◆ Given material
== Segment start ==

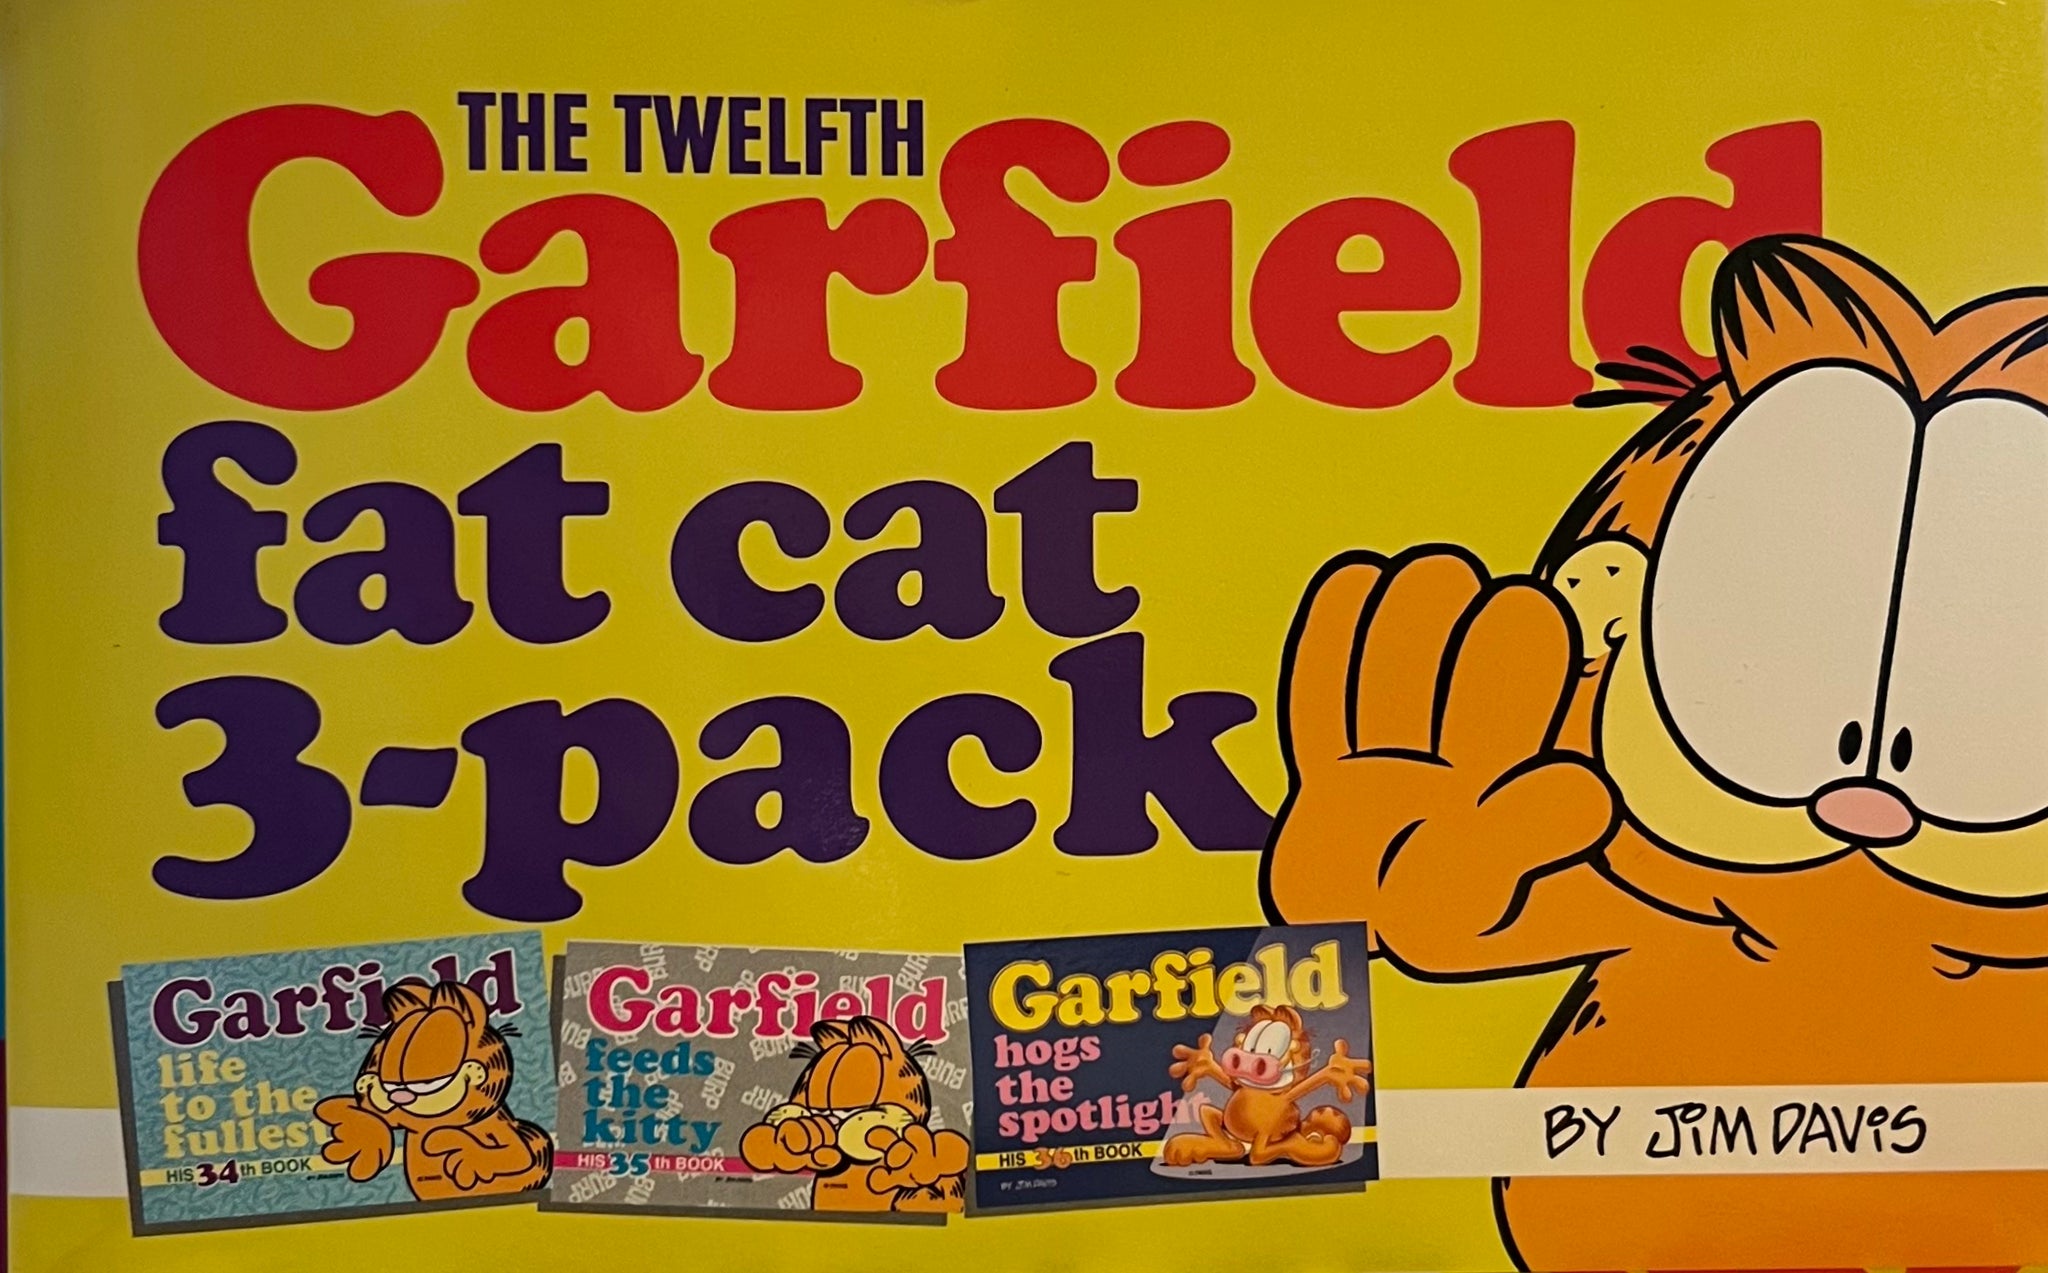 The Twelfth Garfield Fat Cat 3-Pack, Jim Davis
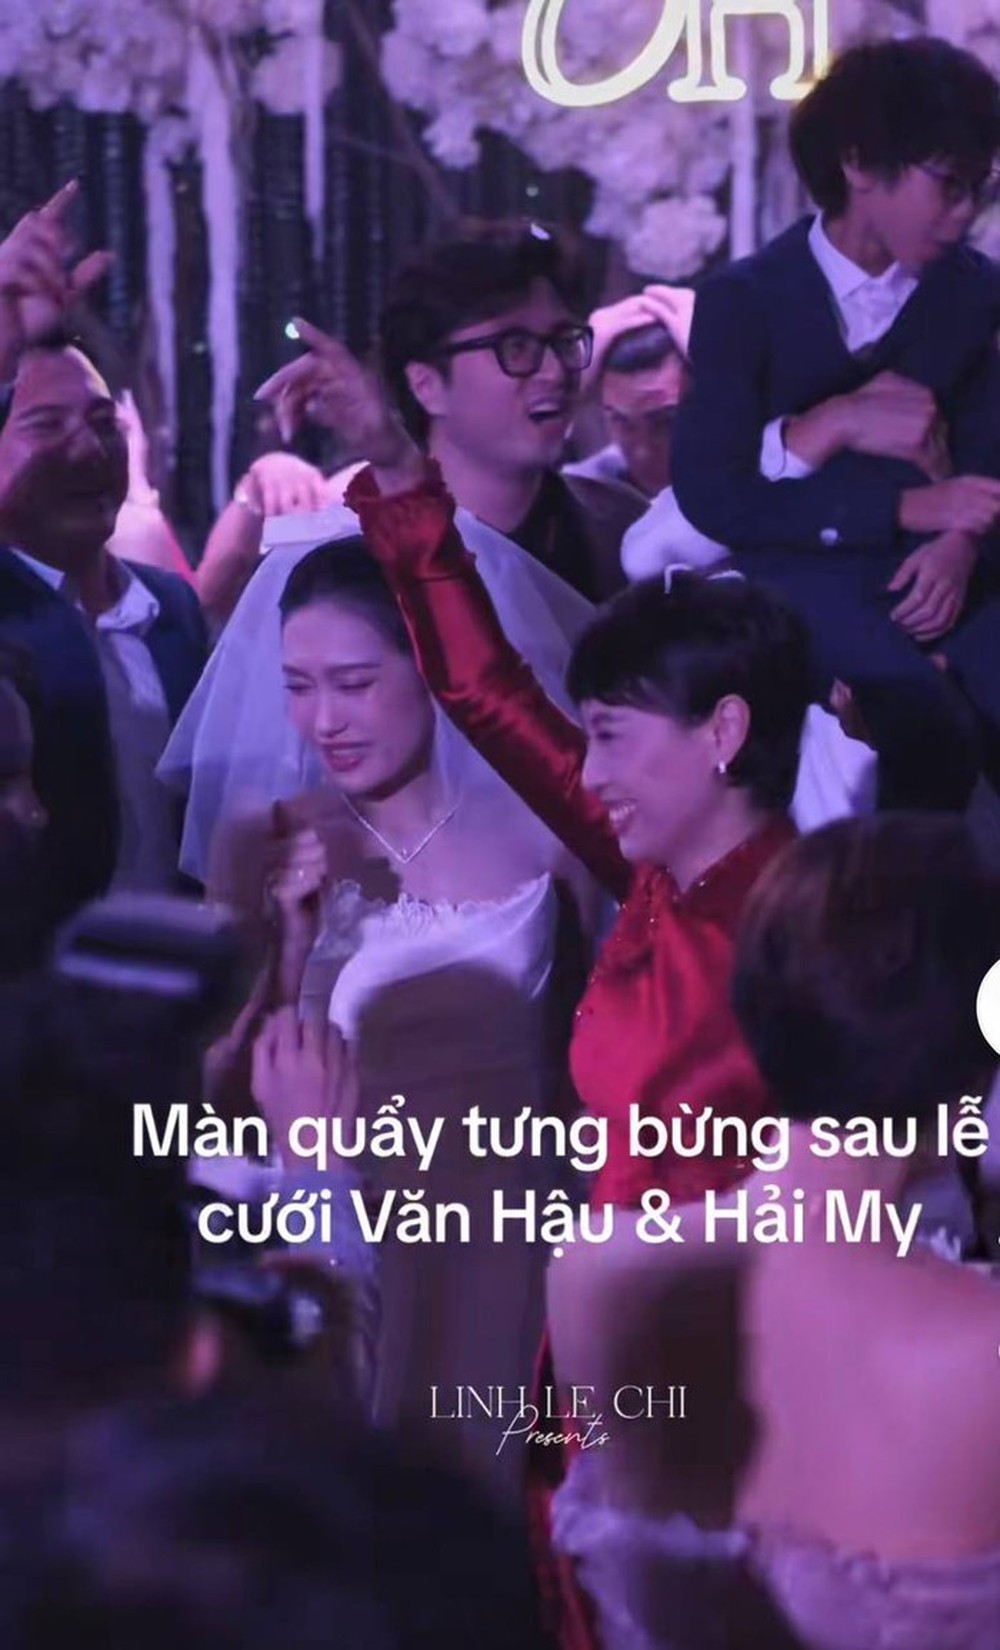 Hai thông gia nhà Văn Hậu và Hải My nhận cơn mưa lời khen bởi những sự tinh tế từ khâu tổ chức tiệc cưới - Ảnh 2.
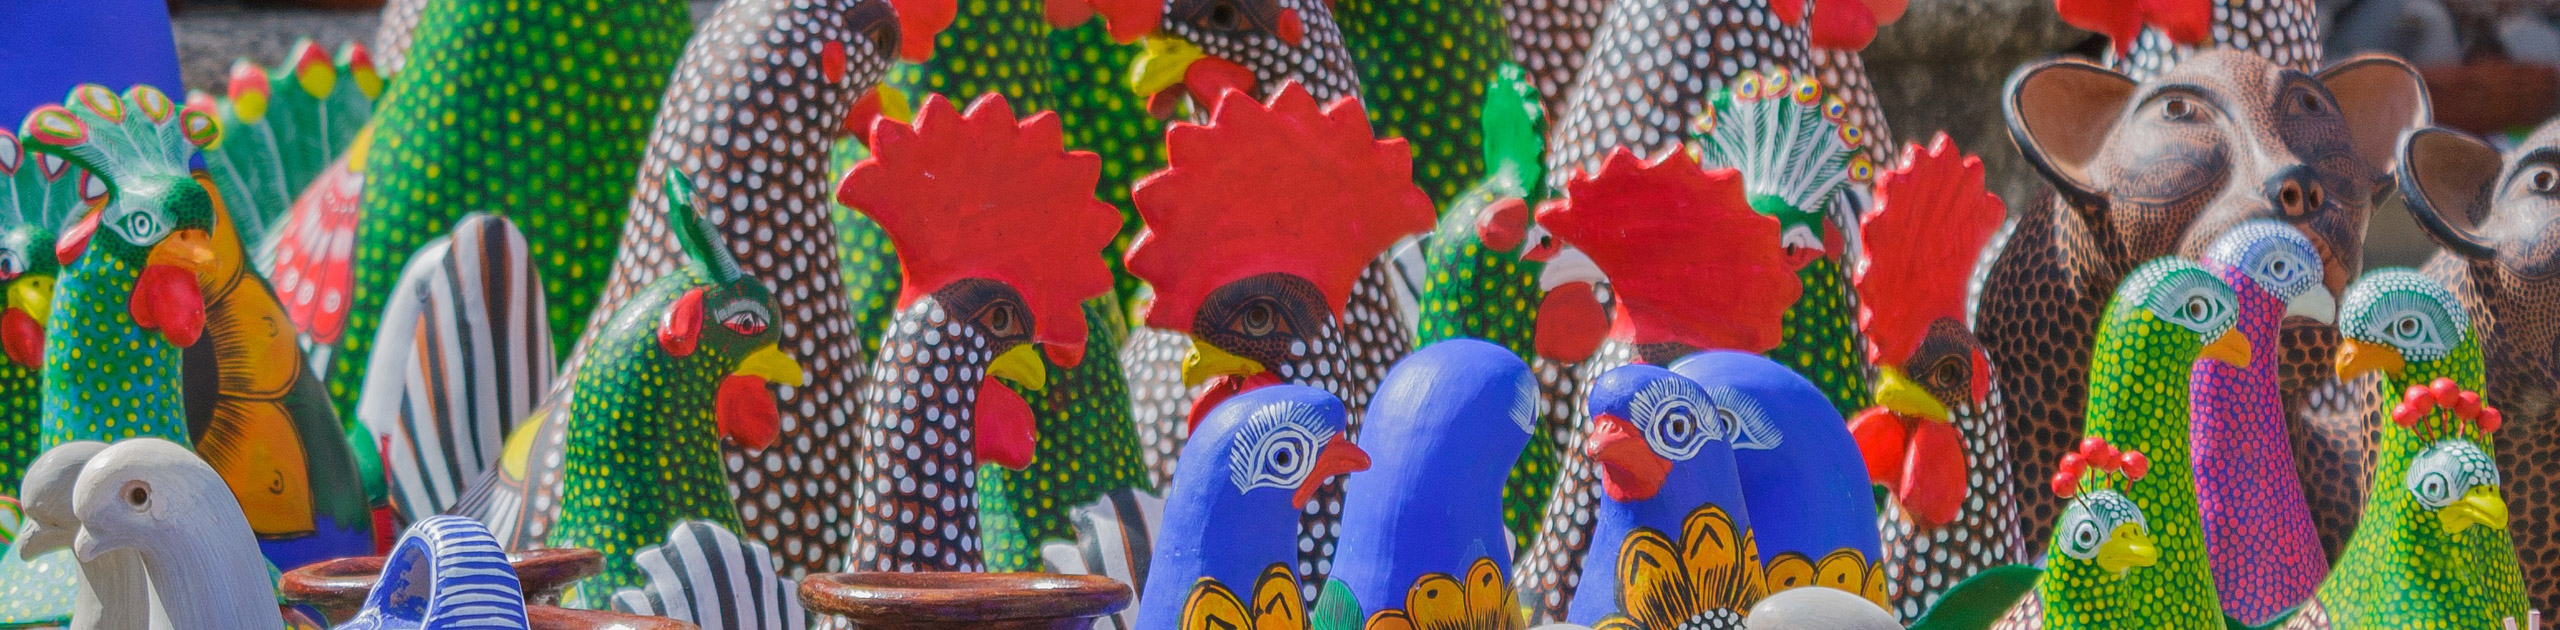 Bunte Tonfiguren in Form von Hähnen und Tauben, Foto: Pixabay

== Segment end ==

◆ Exercise prompt
Give the preceding data back exactly, minus every picture.

◆ Response area
 The Twelfth Garfield Fat Cat 3-Pack, Jim Davis
 Hai thông gia nhà Văn Hậu và Hải My nhận cơn mưa lời khen bởi những sự tinh tế từ khâu tổ chức tiệc cưới - Ảnh 2.
 Bunte Tonfiguren in Form von Hähnen und Tauben, Foto: Pixabay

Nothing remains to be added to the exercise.